Аркадия (СИ) - Беляева Дарья Андреевна. Страница 53

Аксель засмеялся, но, наверное, не так ему было весело, как он показывал. Никто никого не понимал. Мы держались вместе и часто с ним ругались, потому что он пугал нас, а ему было обидно, что он чужой. Наверное, он давным-давно не видел никого, с кем можно просто поговорить.

Я должен был сказать об Акселе что-то хорошее, но мог только смотреть на то, как тени леса ложатся на запястье Констанции, делая острее косточку на нем. За этим занятием время текло совершенно незаметно. Люди болтали, а я просто шел, и мне нравилось смотреть. Констанция не замечала, а может делала вид, что не замечает.

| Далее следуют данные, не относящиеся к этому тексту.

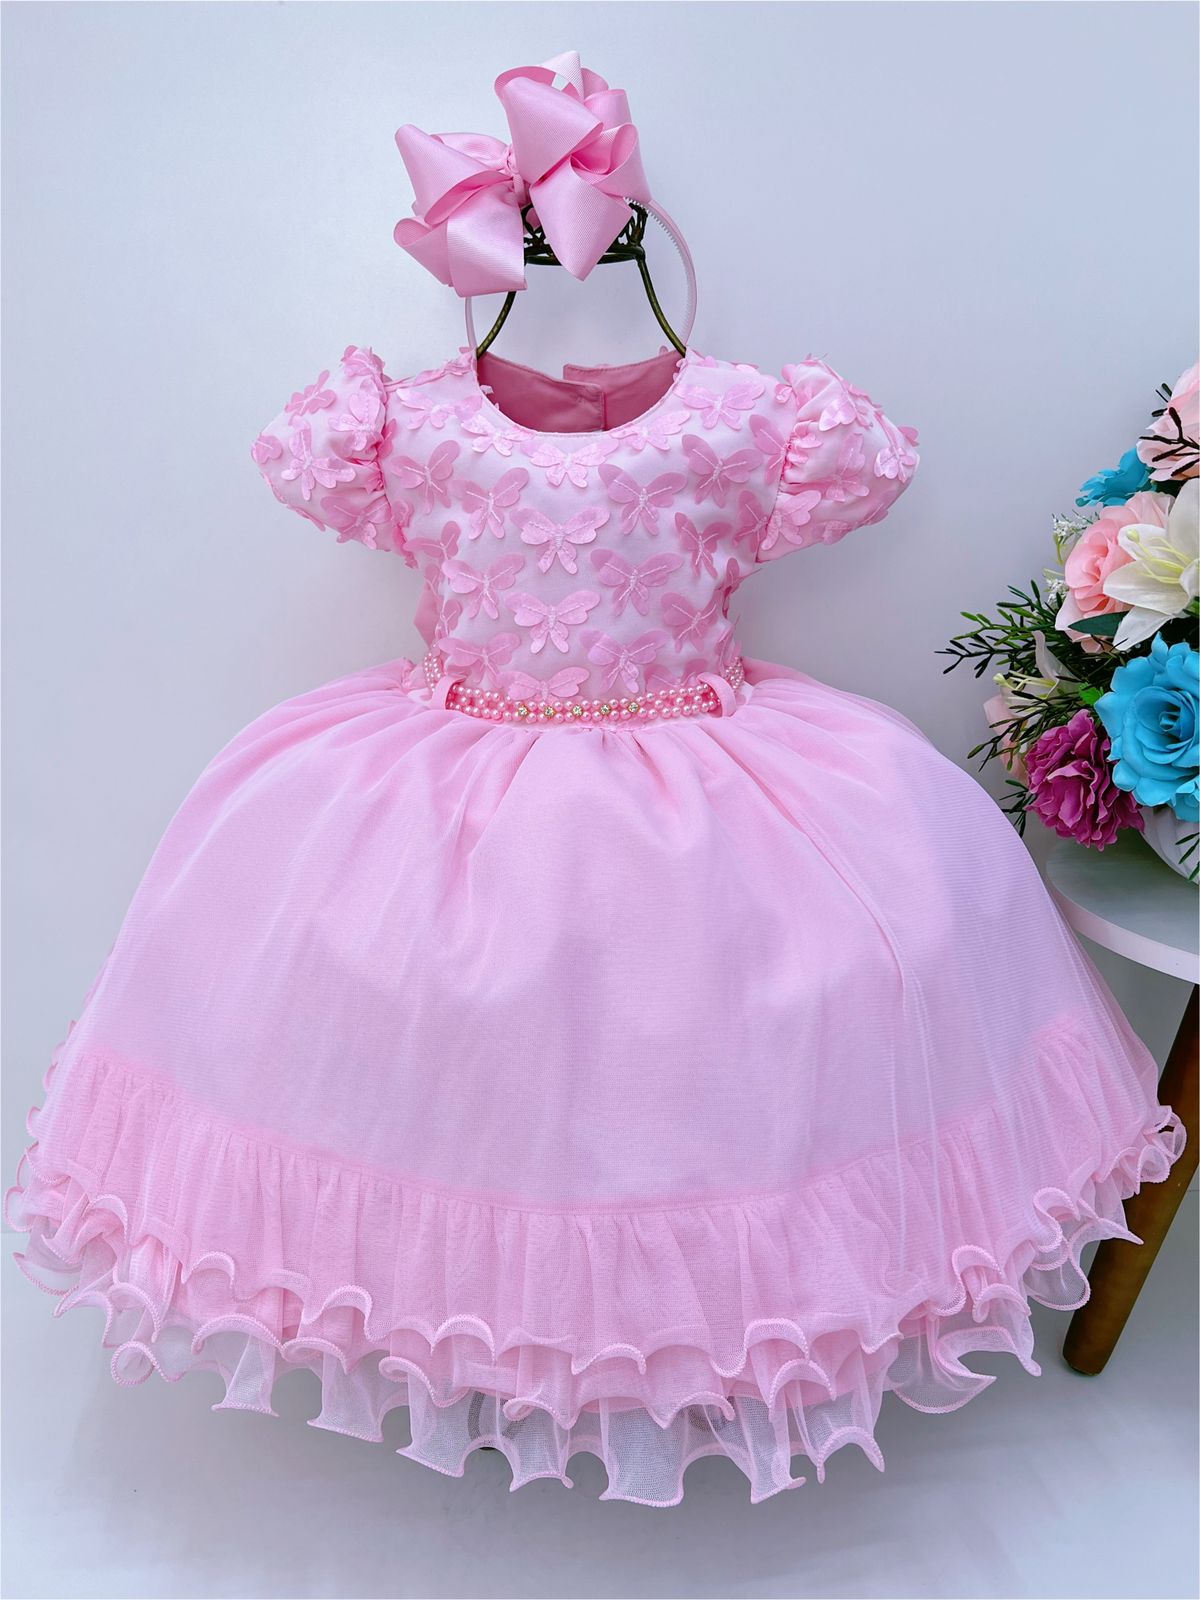 Vestido Infantil Rosa Aplique Borboletas Cinto de Pérolas

Так я понял, что с выживанием у меня все не очень хорошо. Я и не заметил, как лес стал густой и теплый, и влажный настолько, что дыхание стало тяжелым и неприятным. Все вокруг приобрело мутный, зеленоватый оттенок места, где большая влажность, много деревьев и мало света. Мы были в месте, которое, наверное, стоило бы назвать болотом. Земля под моими сапогами стала хлипкая, густая и приятная, как тесто. От нее начинало тянуть опасностью, и это ощущал не только я. Все притихли, разговоры угасли. Все казалось странным и чужим, я еще не был в подобном месте. Делия сказала:

- Ого.

Делия всегда выражала общее настроение очень точно. Я тоже подумал: ого. И хотя все еще был день, и капли далекого солнца струились сквозь листву, сумрак сгущался, будто марево поддернуло все. В этом ощутимом воздухе, таком крепком, что его можно было, казалось, схватить, летали светлячки. Было недостаточно темно, чтобы они казались красивыми. Это были золотые пятна, немного пугающие, как игра воображения.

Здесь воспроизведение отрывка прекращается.